From an SRE perspective, this sounds like a nightmare. Controlled releases are really important for reliability. I definitely don't want my devs doing manual rollouts from a notebook.

1 comments

It's a great point. The funny thing is that the rest of the world just has dev, QA, and prod staging and canaries, while ML has "the 6 months it takes to translate from notebook to pipeline" or "uploading a new checkpoint/image to the platform." We can just stage properly and release through CD like everyone else does, but not spend 6 months flipping the switch. We built the ability to specify the package for a function as a git repo and a particular revision to enable this, and hopefully it means more people rely on version control as the source of truth in prod and not the most recently uploaded model checkpoint to Sagemaker.
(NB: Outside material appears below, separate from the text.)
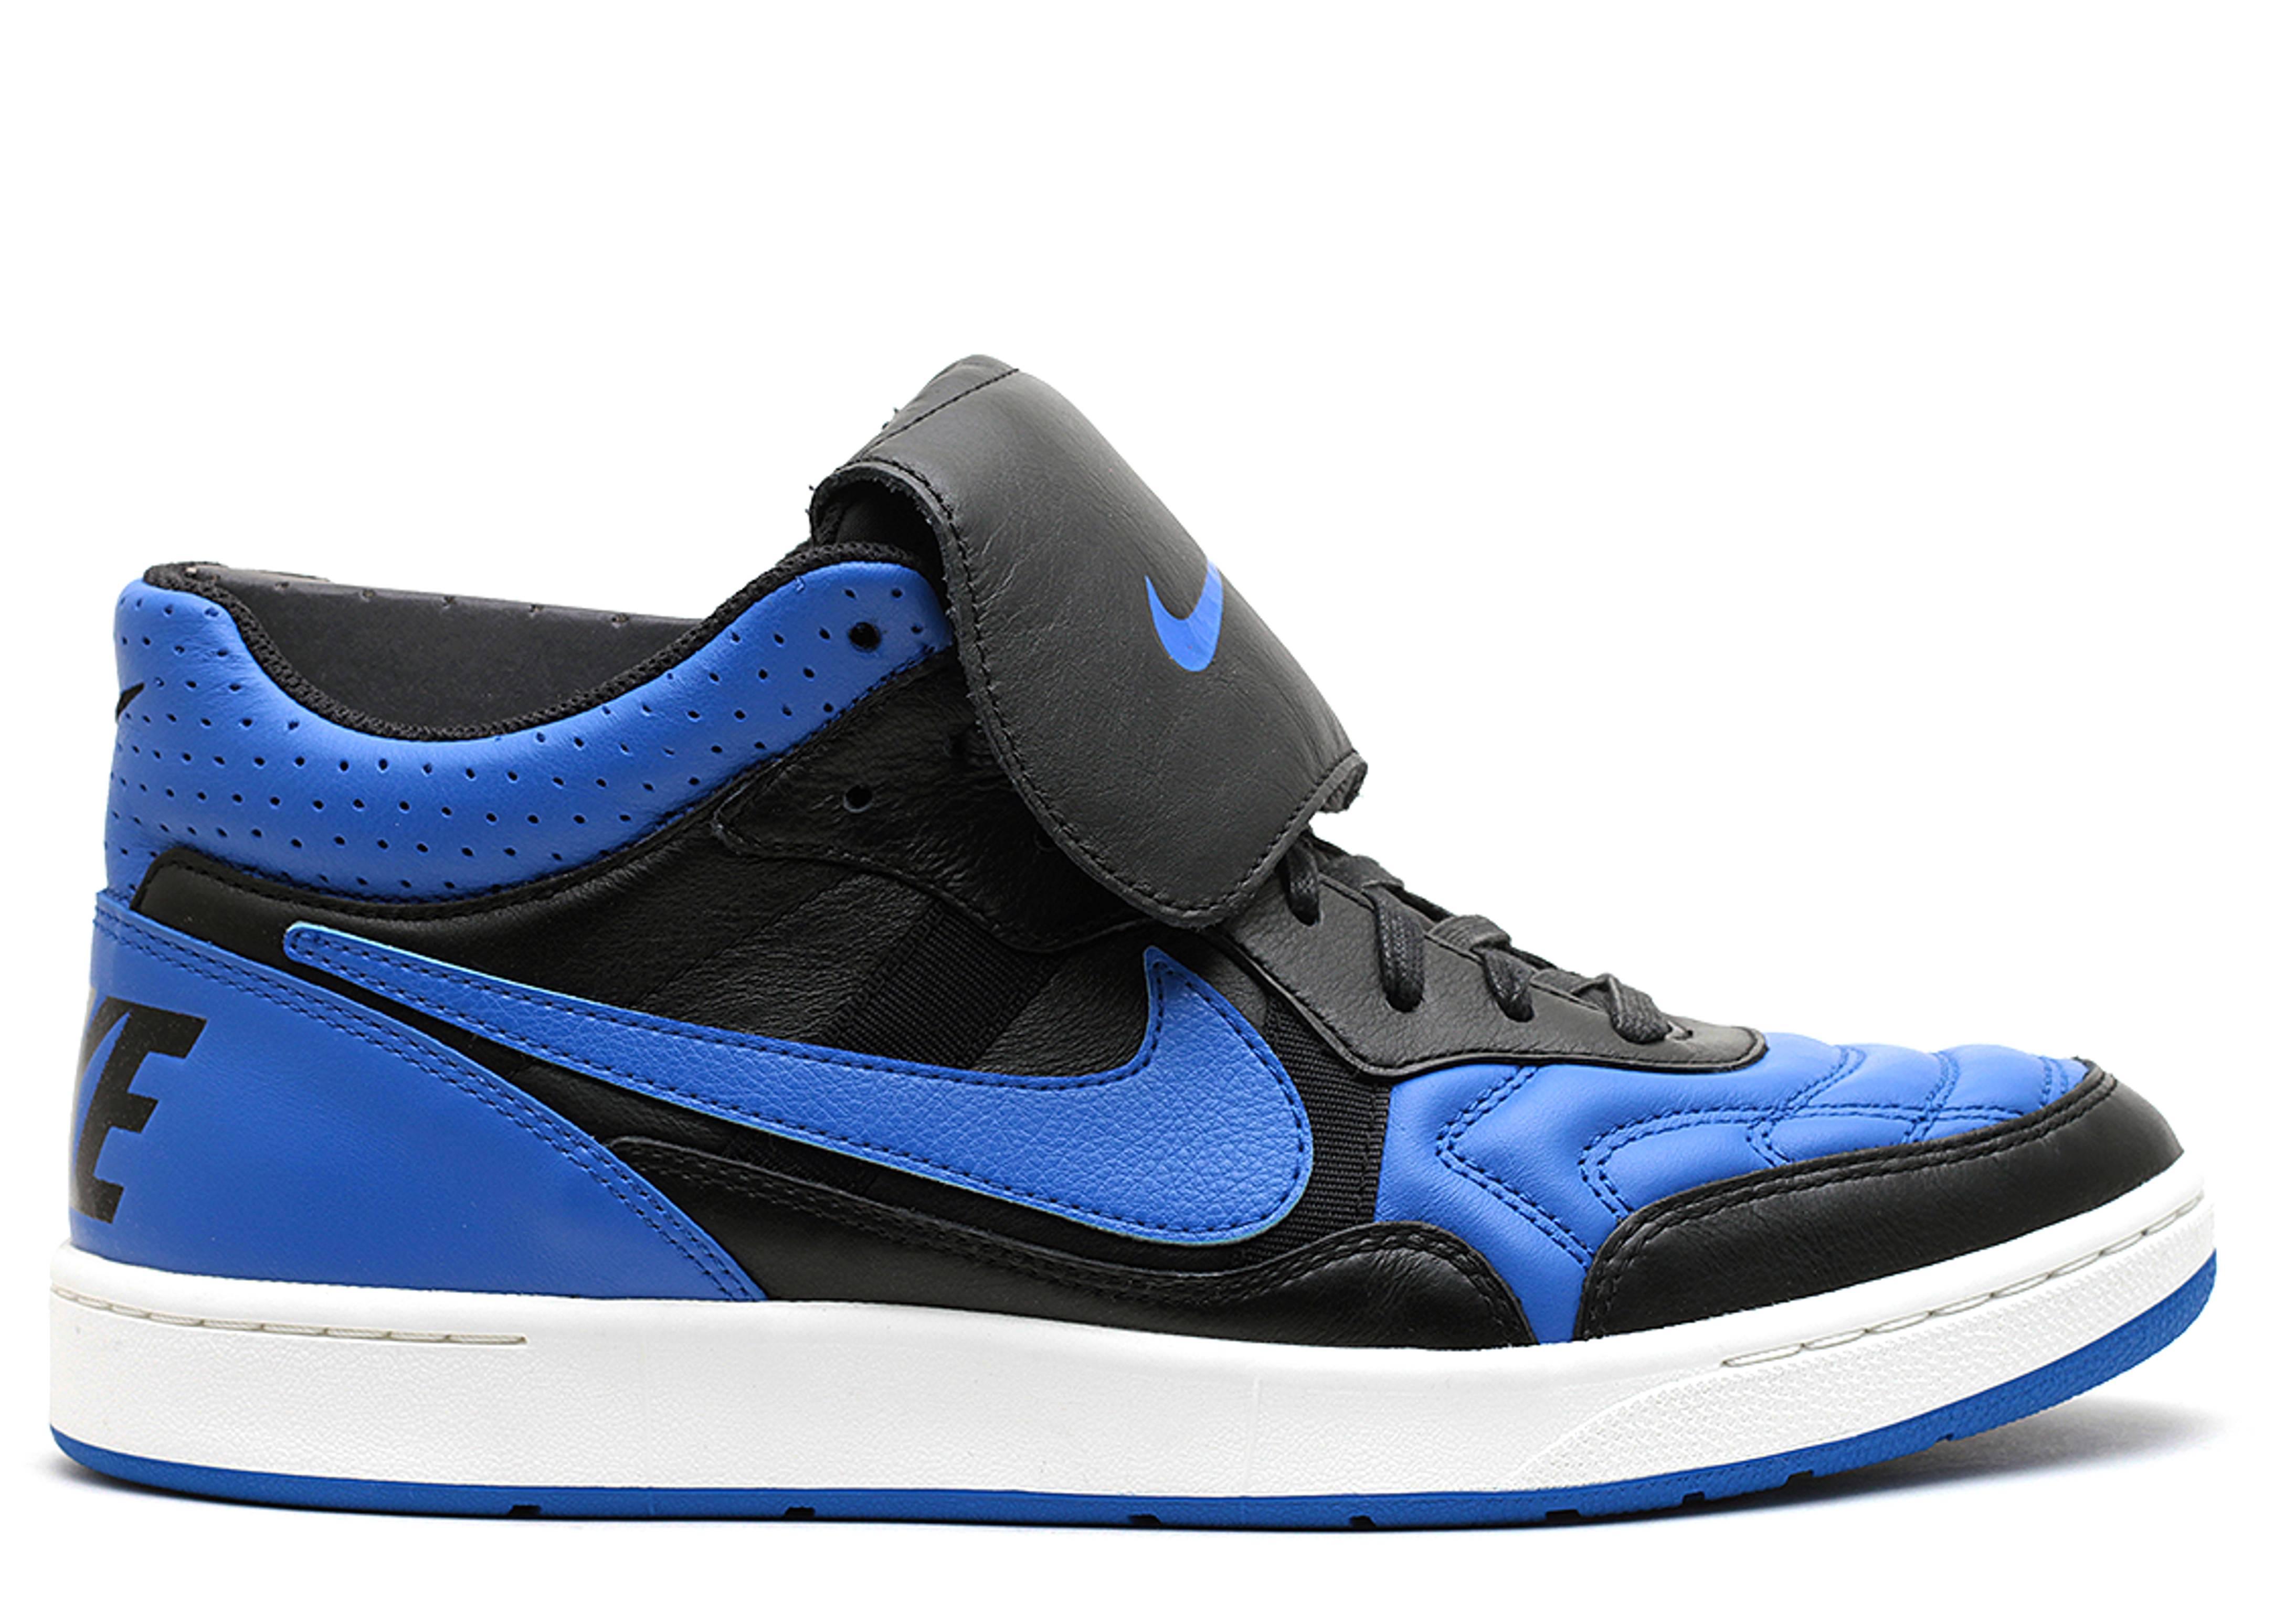 Nike Tiempo 94 Royal Sneakers (Black/Royal Blue-Ivory)

During experimentation though, it really is frustrating that many systems only allow you run what you've committed.

We've also built a basic permissioning system to control who can actually overwrite the saved version of a resource, so there are no accidents. E.g. if the prod inference blob is saved at "mikes_pizza/nlp/bert/bert_prod", you can set it so only x accounts can overwrite that metadata to point to a new model. Ideally we just inherit existing RBAC groups sometime soon.

Does that make sense? Curious if you had something else in mind as far as the danger.

Ah, I see. The ability to push to infra is more about the development loop than prod rollouts. Prod can (and should) use CD with a well understood source of truth.

Thanks, I was misunderstanding the purpose of the feature.